Ketiga. Perjalanan wisata masuk ke Indonesia bisa melalui bandara di Bali dan Kepulauan Riau. Pelaku perjalanan internasional WNA dengan tujuan perjalanan wisata dapat masuk ke Indonesia melalui entry point bandara di Bali dan Kepulauan Riau.
Keempat. Pelaku perjalanan luar negeri wajib menunjukkan hasil RT-PCR maksimal 3×24 jam.
Kelima. Hal-hal yang wajib dilampirkan sebagai syarat perjalanan luar negeri, meliputi:
Visa Kunjungan Singkat atau izin masuk lainnya yang berlaku untuk WNA, bukti kepemilikan asuransi senilai USD 100.000 yang menanggung pembiayaan untuk COVID-19, Bukti booking tempat akomodasi selama menetap di Indonesia.
Sanksi Melanggar Aturan Karantina COVID-19
Sanksi melanggar aturan karantina COVID-19 oleh Juru Bicara Vaksinasi COVID-19 Kementerian Kesehatan (Kemenkes) Siti Nadia Tarmizi dijelaskan tertuang dalam Pasal 14 UU Nomor 4 Tahun 1984 tentang Wabah Penyakit Menular dan UU Nomor 6 Tahun 2018 tentang Kekarantinaan Kesehatan
Pasal 14 UU Nomor 4 Tahun 1984 Tentang Wabah Penyakit Menular dapat dijadikan upaya memberikan sanksi melanggar aturan karantina COVID-19. Apa saja?
Pertama, bunyi sanksi melanggar aturan karantina COVID-19 pertama yang tergolong sebagai tindakan kejahatan, diancam pidana penjara satu tahun dan denda Rp 1 Juta. “Barang siapa dengan sengaja menghalangi pelaksanaan penanggulangan wabah sebagaimana diatur dalam Undang-Undang ini, diancam dengan pidana penjara selama-lamanya 1 (satu) tahun dan/atau denda setinggi-tingginya Rp 1.000.000,- (satu juta rupiah)”

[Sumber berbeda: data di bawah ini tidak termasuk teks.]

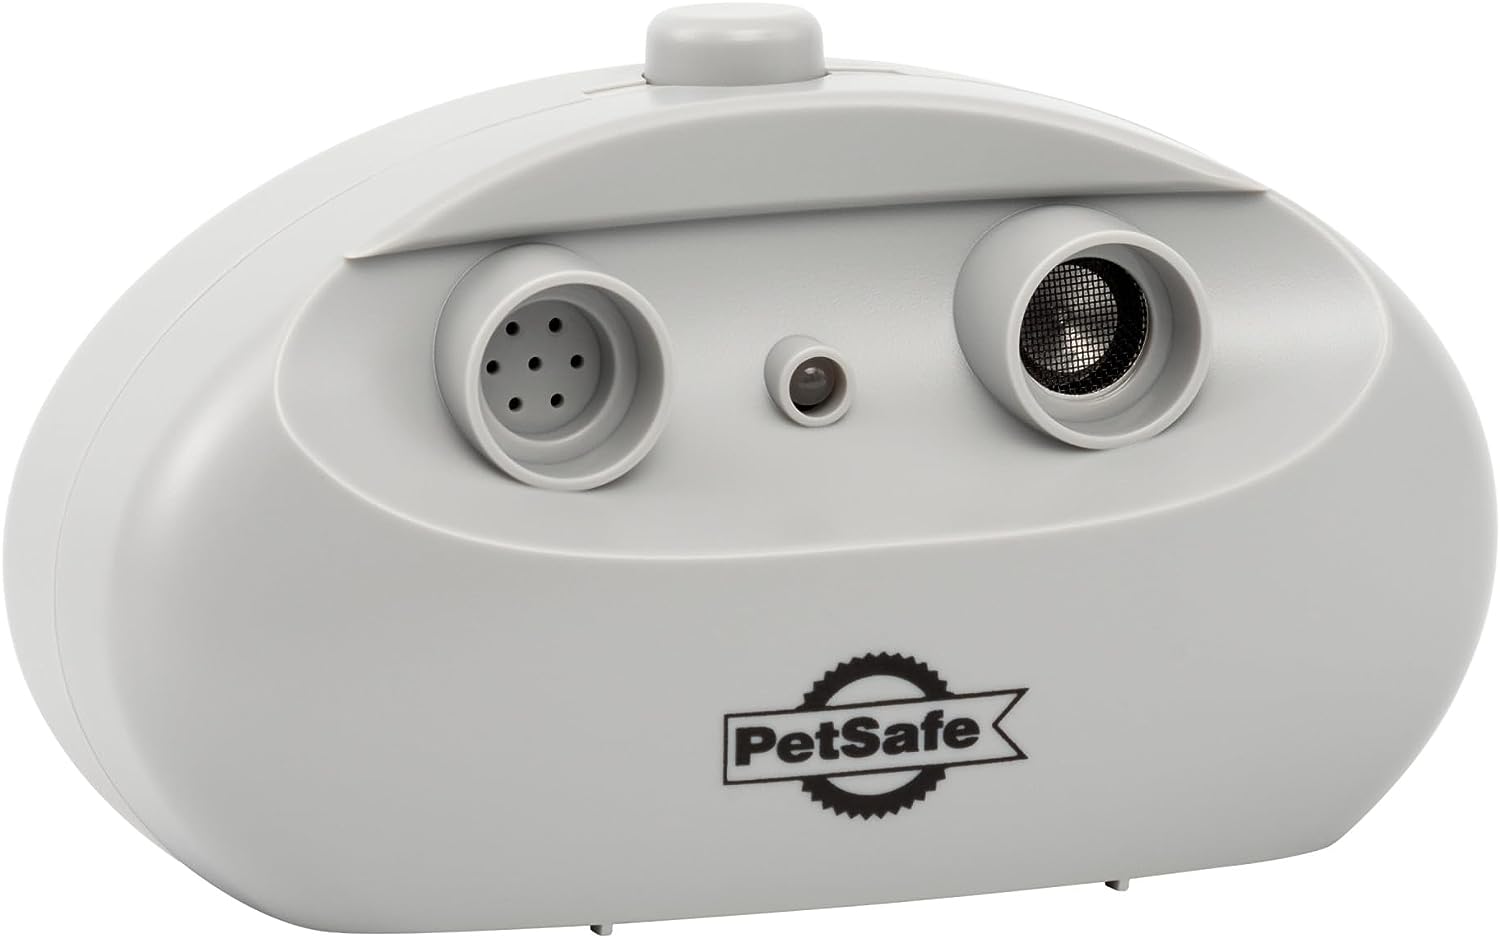 PetSafe Indoor Ultrasonic Dog Bark Control - No Collar Needed - Up to 25 ft Range - Anti-Bark Pet Training System - Automatic with Manual Trainer Button

Kedua, bunyi sanksi melanggar aturan karantina COVID-19 kedua sebagai tindakan murni pelanggaran, pidana enam bulan dan denda Rp 500 ribu. “Barang siapa karena kealpaannya mengakibatkan terhalangnya pelaksanaan penanggulangan wabah sebagaimana diatur dalam Undang-Undang ini, diancam dengan pidana kurungan selama-lamanya 6 (enam) bulan dan/atau denda setinggi-tingginya Rp 500.000,- (lima ratus ribu rupiah).”
Ketiga. Bunyi sanksi melanggar aturan karantina COVID-19 ketiga pada pasal 93, berupa pidana penjaga satu tahun dan denda Rp 100 Juta. “Setiap orang yang tidak mematuhi penyelenggaraan Kekarantinaan Kesehatan sebagaimana dimaksud dalam Pasal 9 ayat (1) dan/atau menghalang-halangi penyelenggaraan Kekarantinaan Kesehatan sehingga menyebabkan Kedaruratan Kesehatan Masyarakat dipidana dengan pidana penjara paling lama 1 tahun dan/atau pidana denda paling banyak Rp 100 juta.”
Jubir COVID-19 Nadia menghimbau agar tidak ada oknum-oknum yang melakukan perbuatan yang berpotensi membahayakan seluruh rakyat Indonesia. “Pemerintah melalui Satgas Penanganan COVID-19 menegaskan bahwa pemerintah tidak akan pernah menoleransi segala upaya pelanggaran protokol kesehatan dan karantina kesehatan demi keselamatan bersama,” tegasnya.
Pemantauan, Pengendalian dan Evaluasi
Dalam SE tentang ketentuan karantina, juga dituangkan ketentuan mengenai pemantauan, pengendalian, dan evaluasi, sebagai berikut: Pertama, satgas Penanganan COVID-19 Daerah yang dibantu otoritas penyelenggara transportasi umum bersama-sama menyelenggarakan pengendalian perjalanan orang dan transportasi umum yang aman COVID-19 dengan membentuk Pos Pengamanan Terpadu.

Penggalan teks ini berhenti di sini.